## Given information
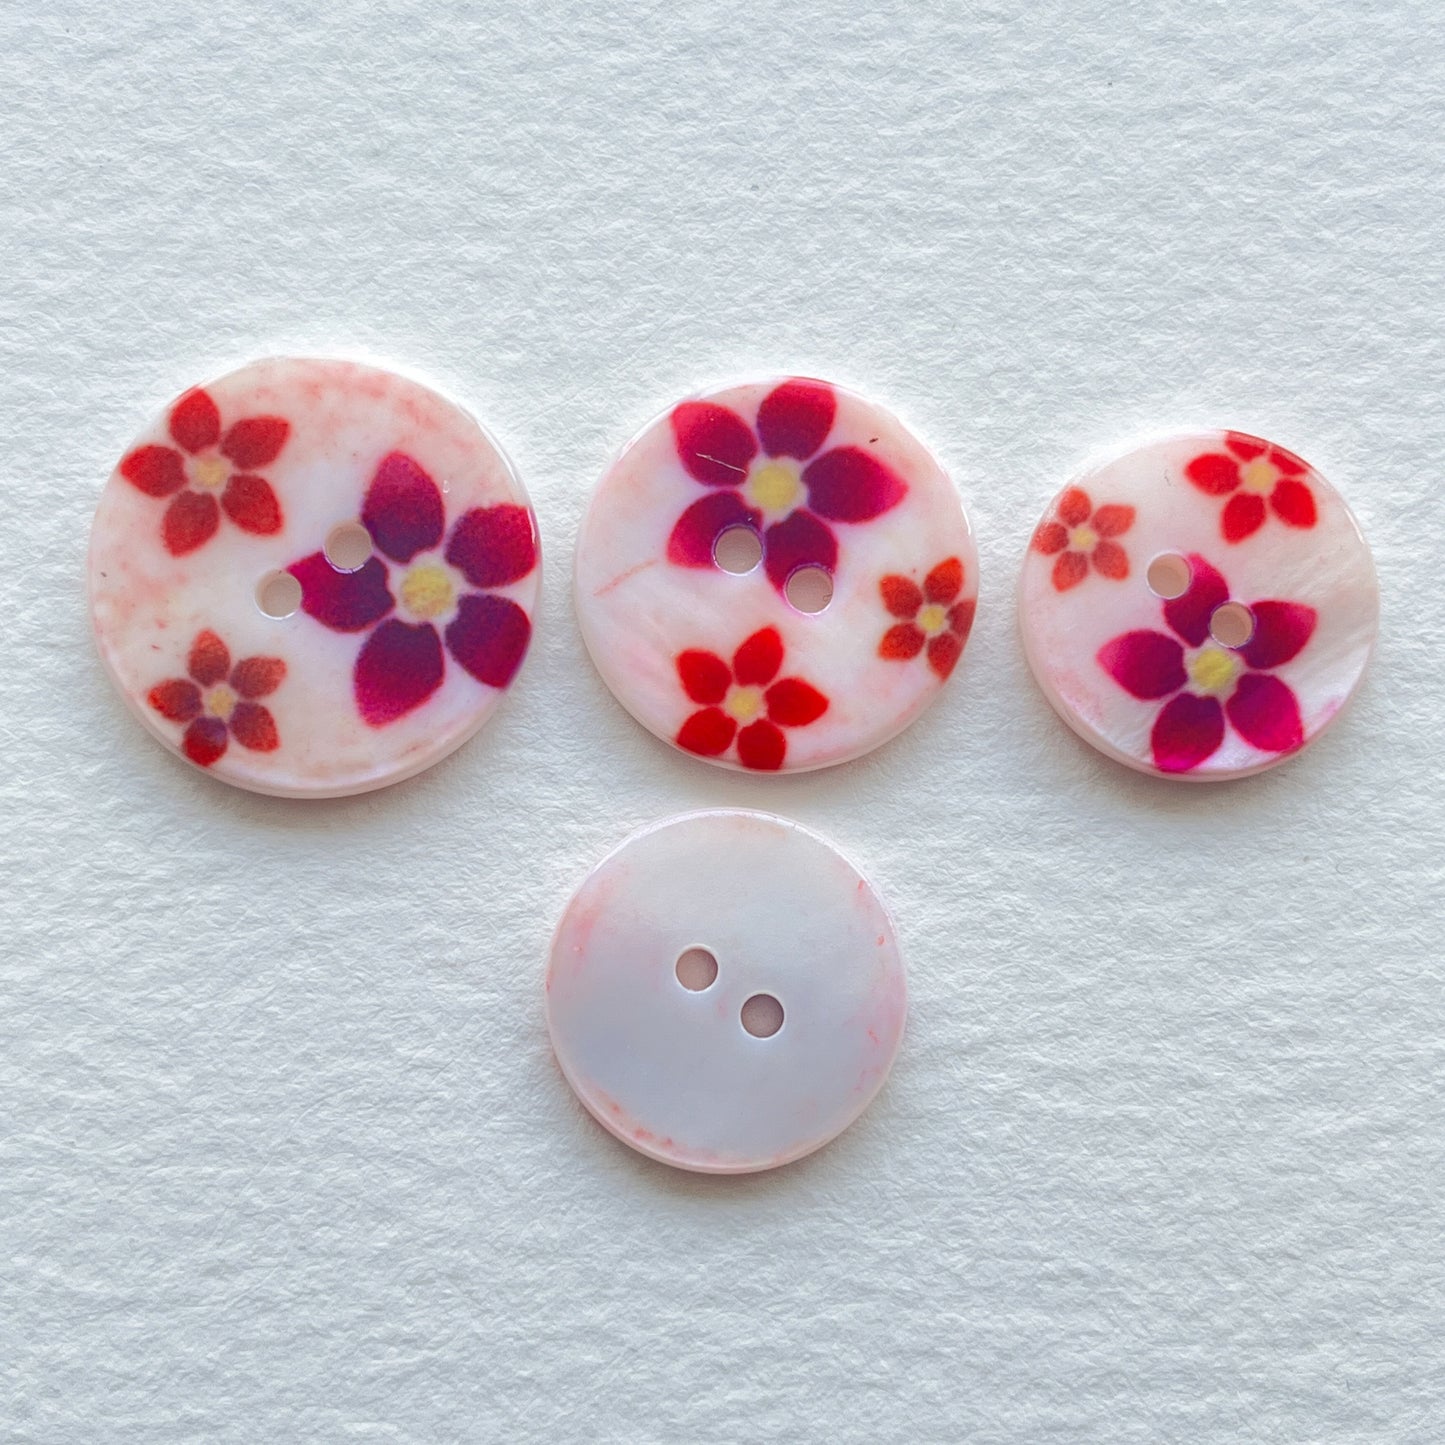 pretty lacquered Agoya shell buttons with floral design in red and pink. Deadstock haberdashery. Choose our range of vintage buttons, trims & sewing accoutrement rescued from a London haberdasher. Sew sustainably.
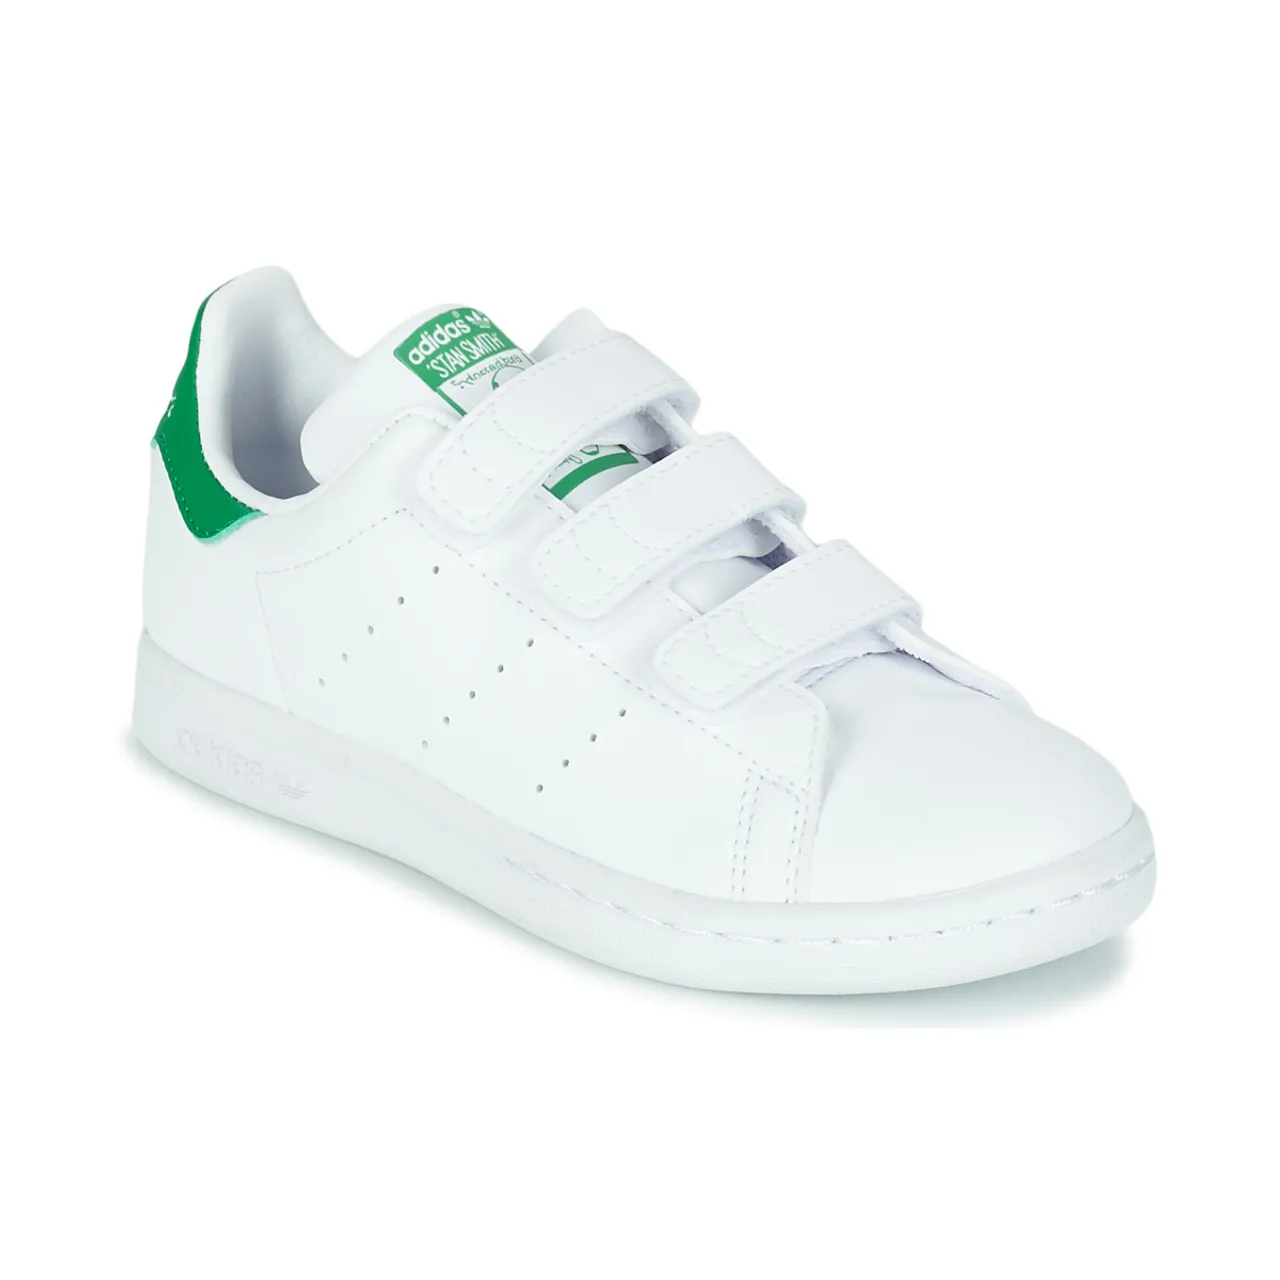 adidas  STAN SMITH CF C SUSTAINABLE  boys's Children's Shoes (Trainers) in White
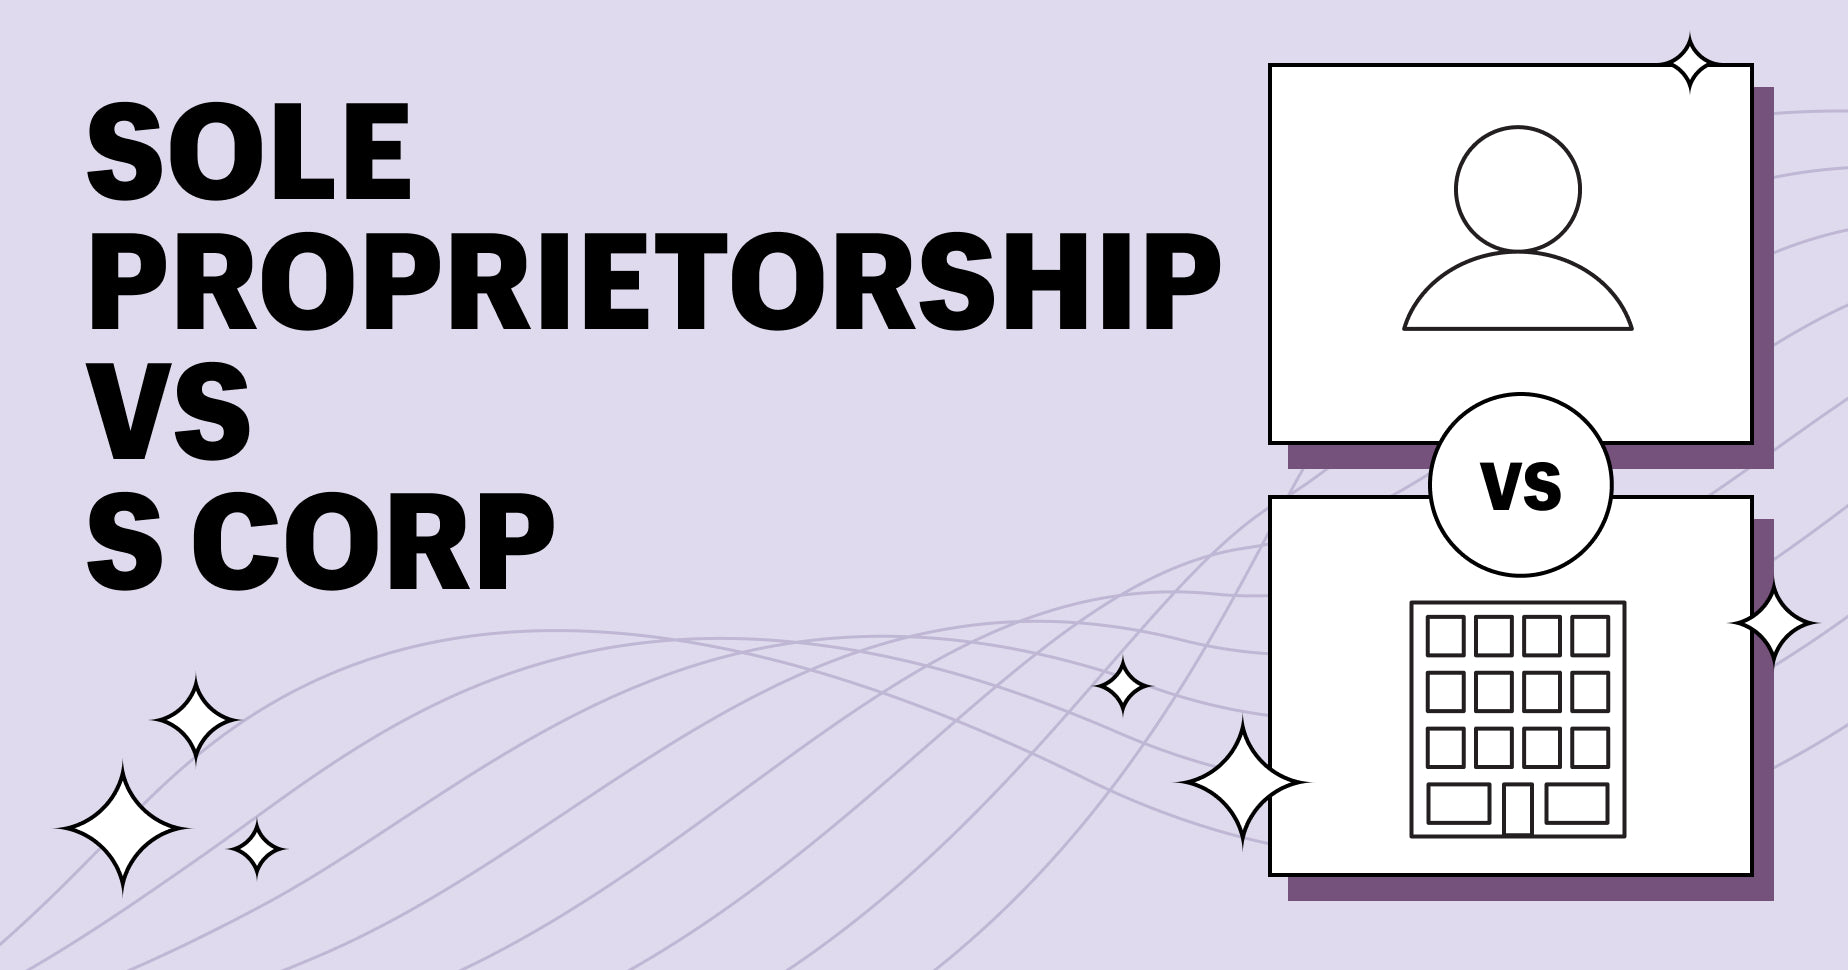 Light purple background with black text that says "sole proprietorship vs. s corp" along with vector diagrams of a building and a person
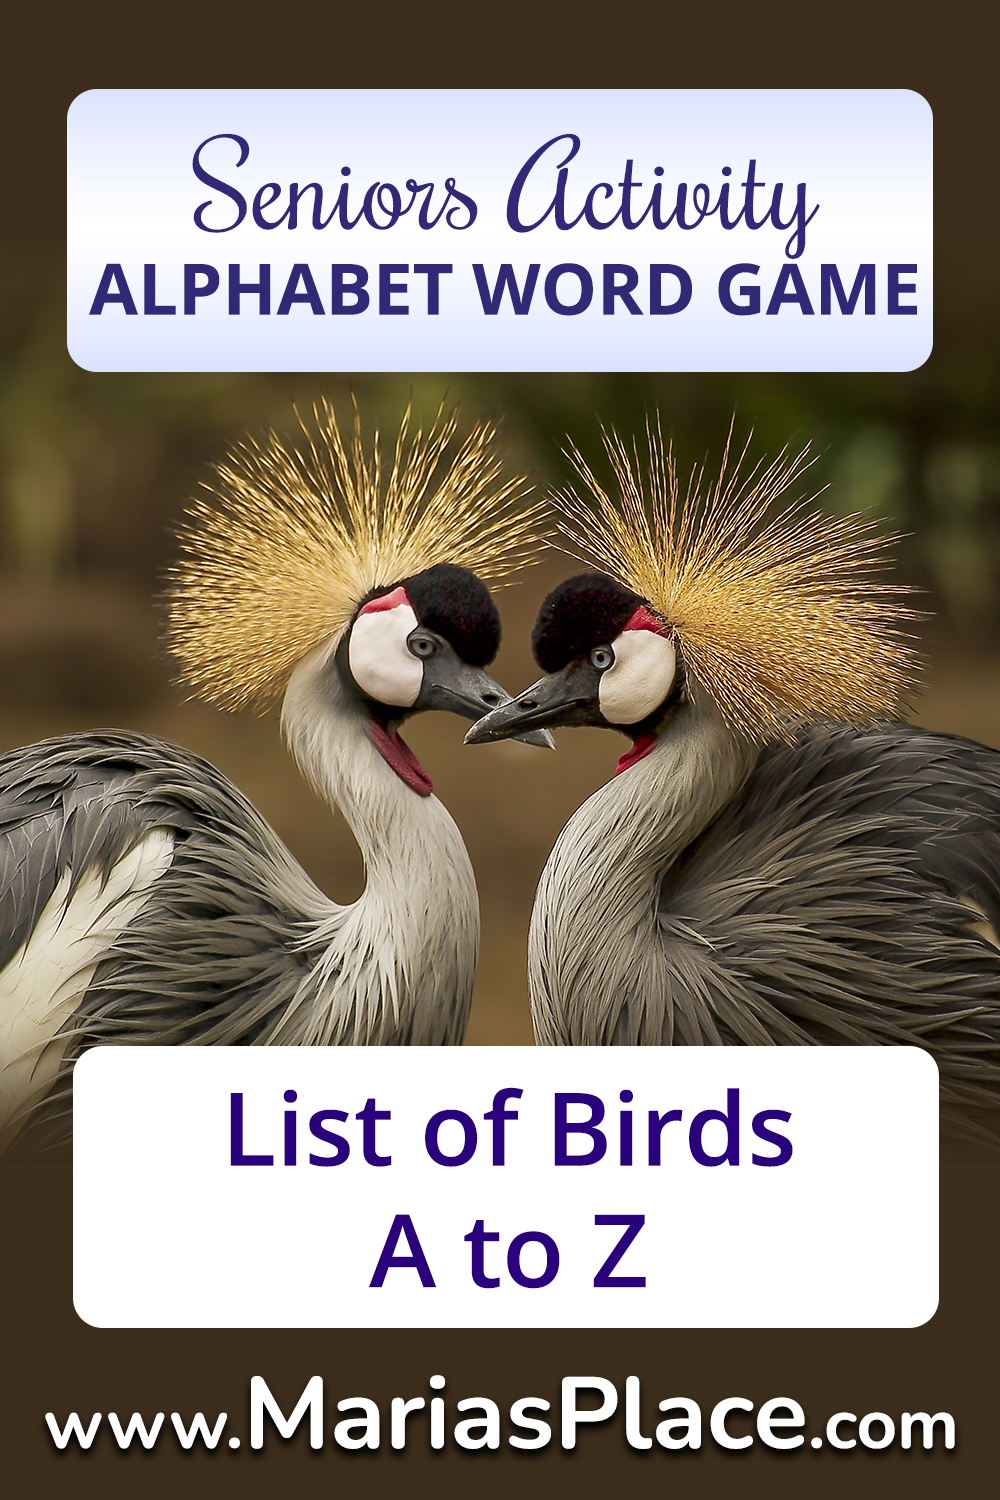 Birds, Examples from A to Z

## Exercise
Beginning with the line that contains "(Trainers) in White" and ending with the final line of the listing, return each line exactly. Omit all pictures.

## Response area
 adidas  STAN SMITH CF C SUSTAINABLE  boys's Children's Shoes (Trainers) in White
 Light purple background with black text that says "sole proprietorship vs. s corp" along with vector diagrams of a building and a person
 Birds, Examples from A to Z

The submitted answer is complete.